Content starts

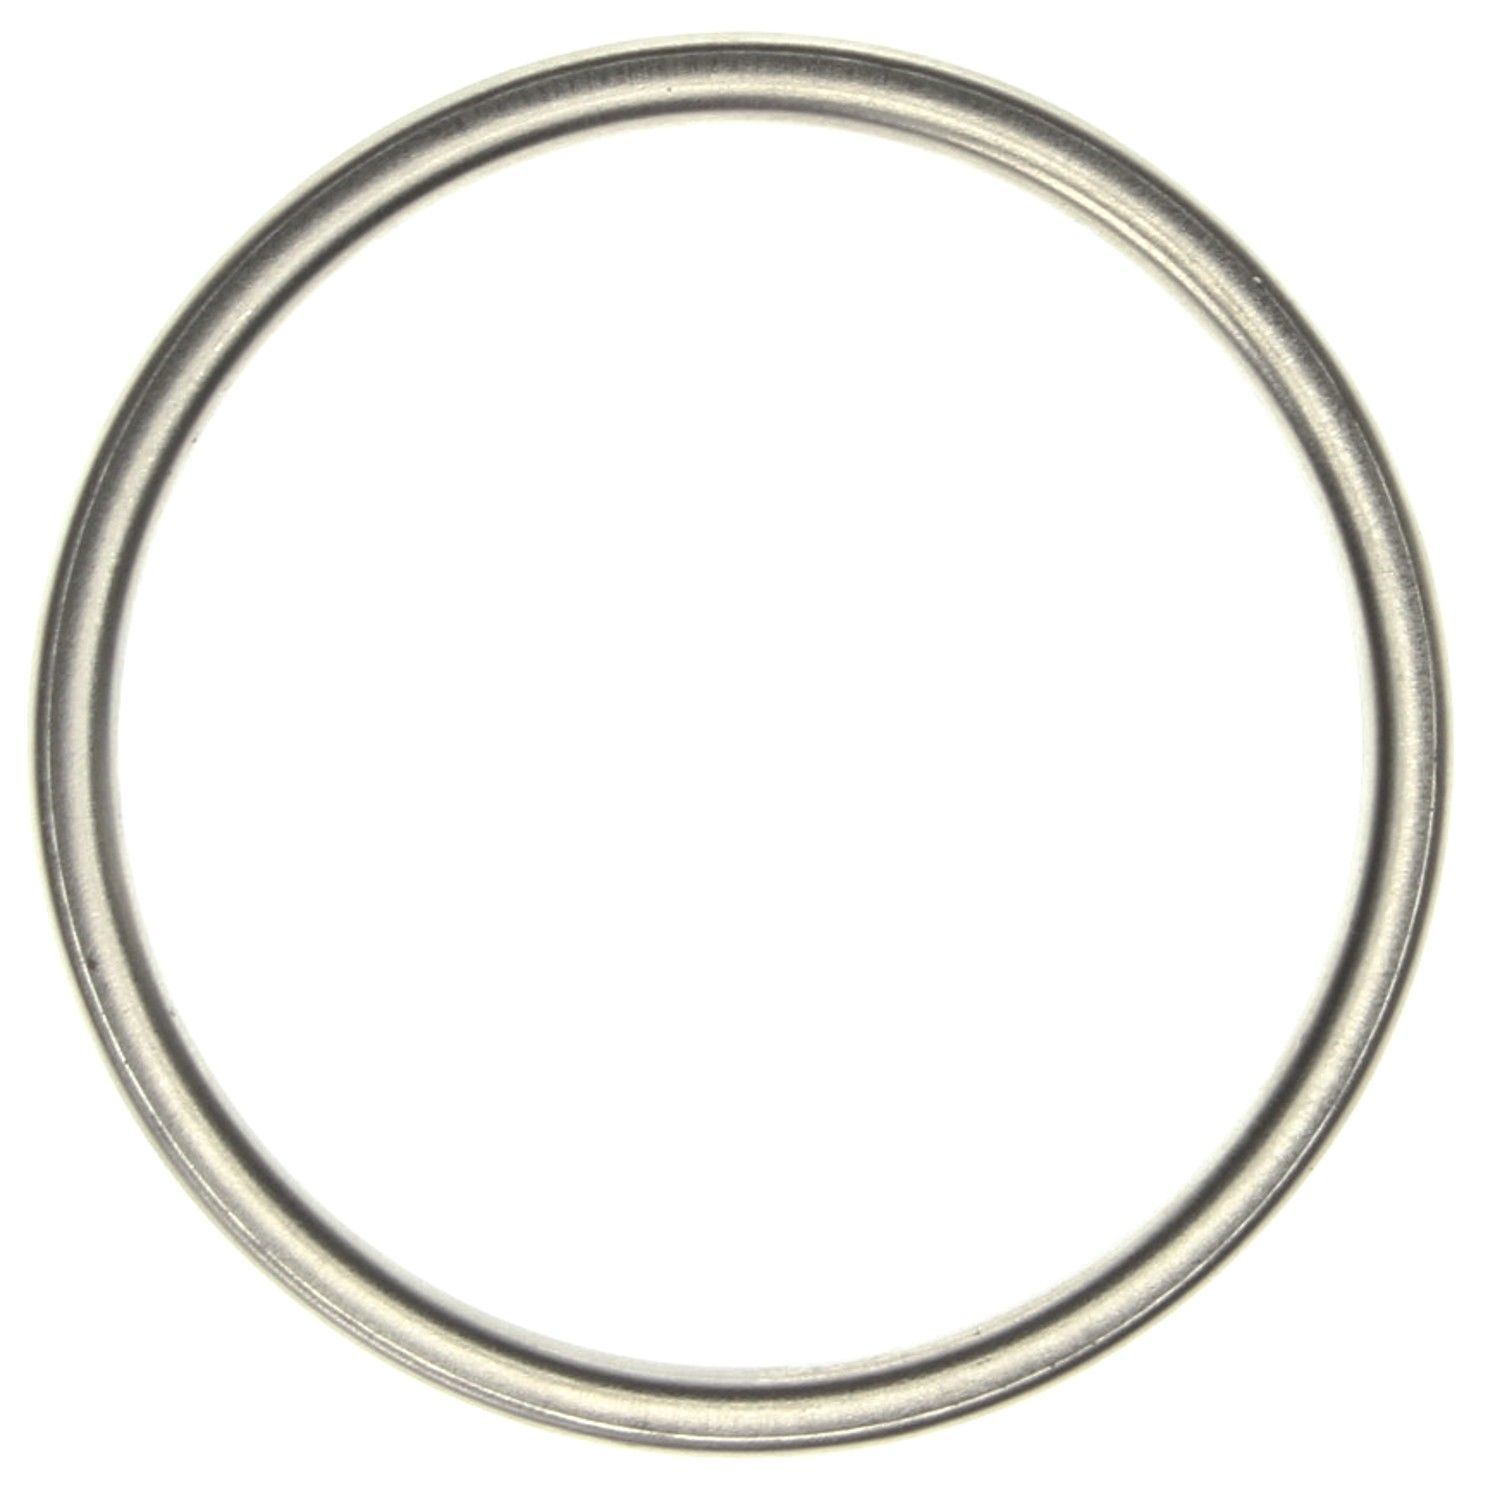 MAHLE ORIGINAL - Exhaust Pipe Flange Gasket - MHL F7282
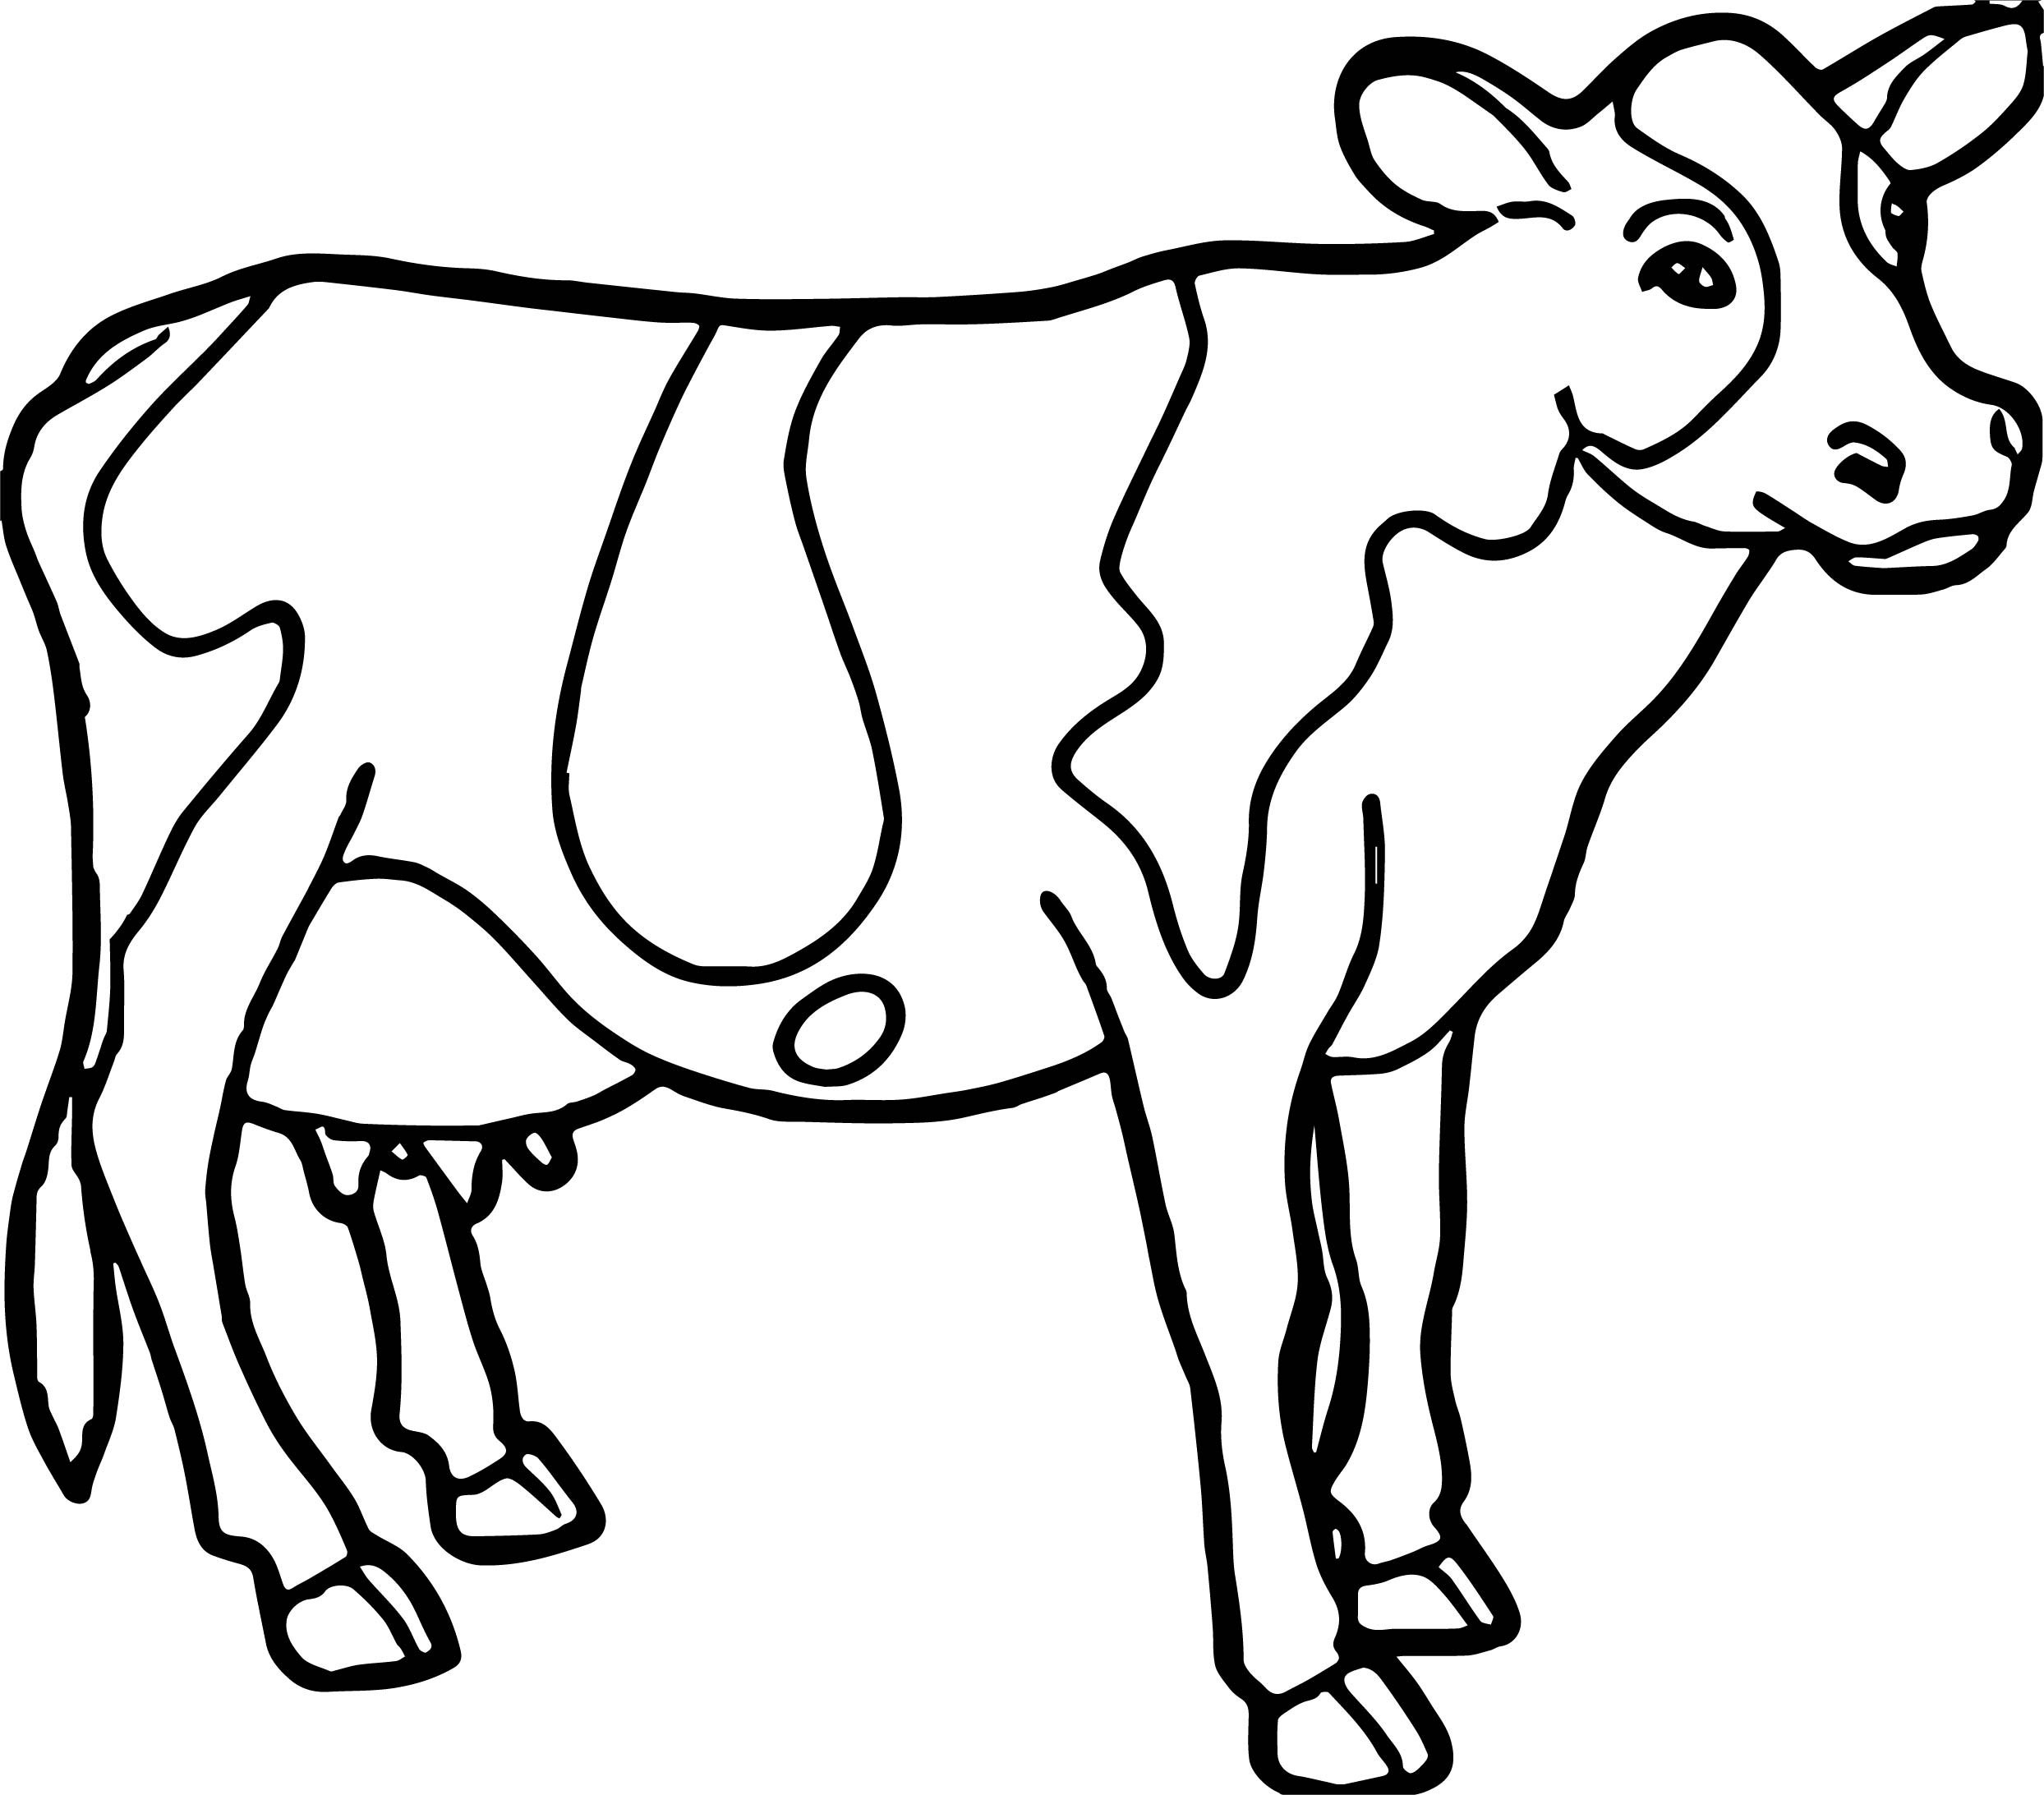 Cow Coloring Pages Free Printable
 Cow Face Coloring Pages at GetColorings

Content ends

YOUR OBJECTIVE:
Exactly as written, restate the lines from the one that contains "Cow Coloring Pages Free Printable" through the final line of the data, both ends included, but leave out the pictures.

ANSWER SPACE:
 Cow Coloring Pages Free Printable
 Cow Face Coloring Pages at GetColorings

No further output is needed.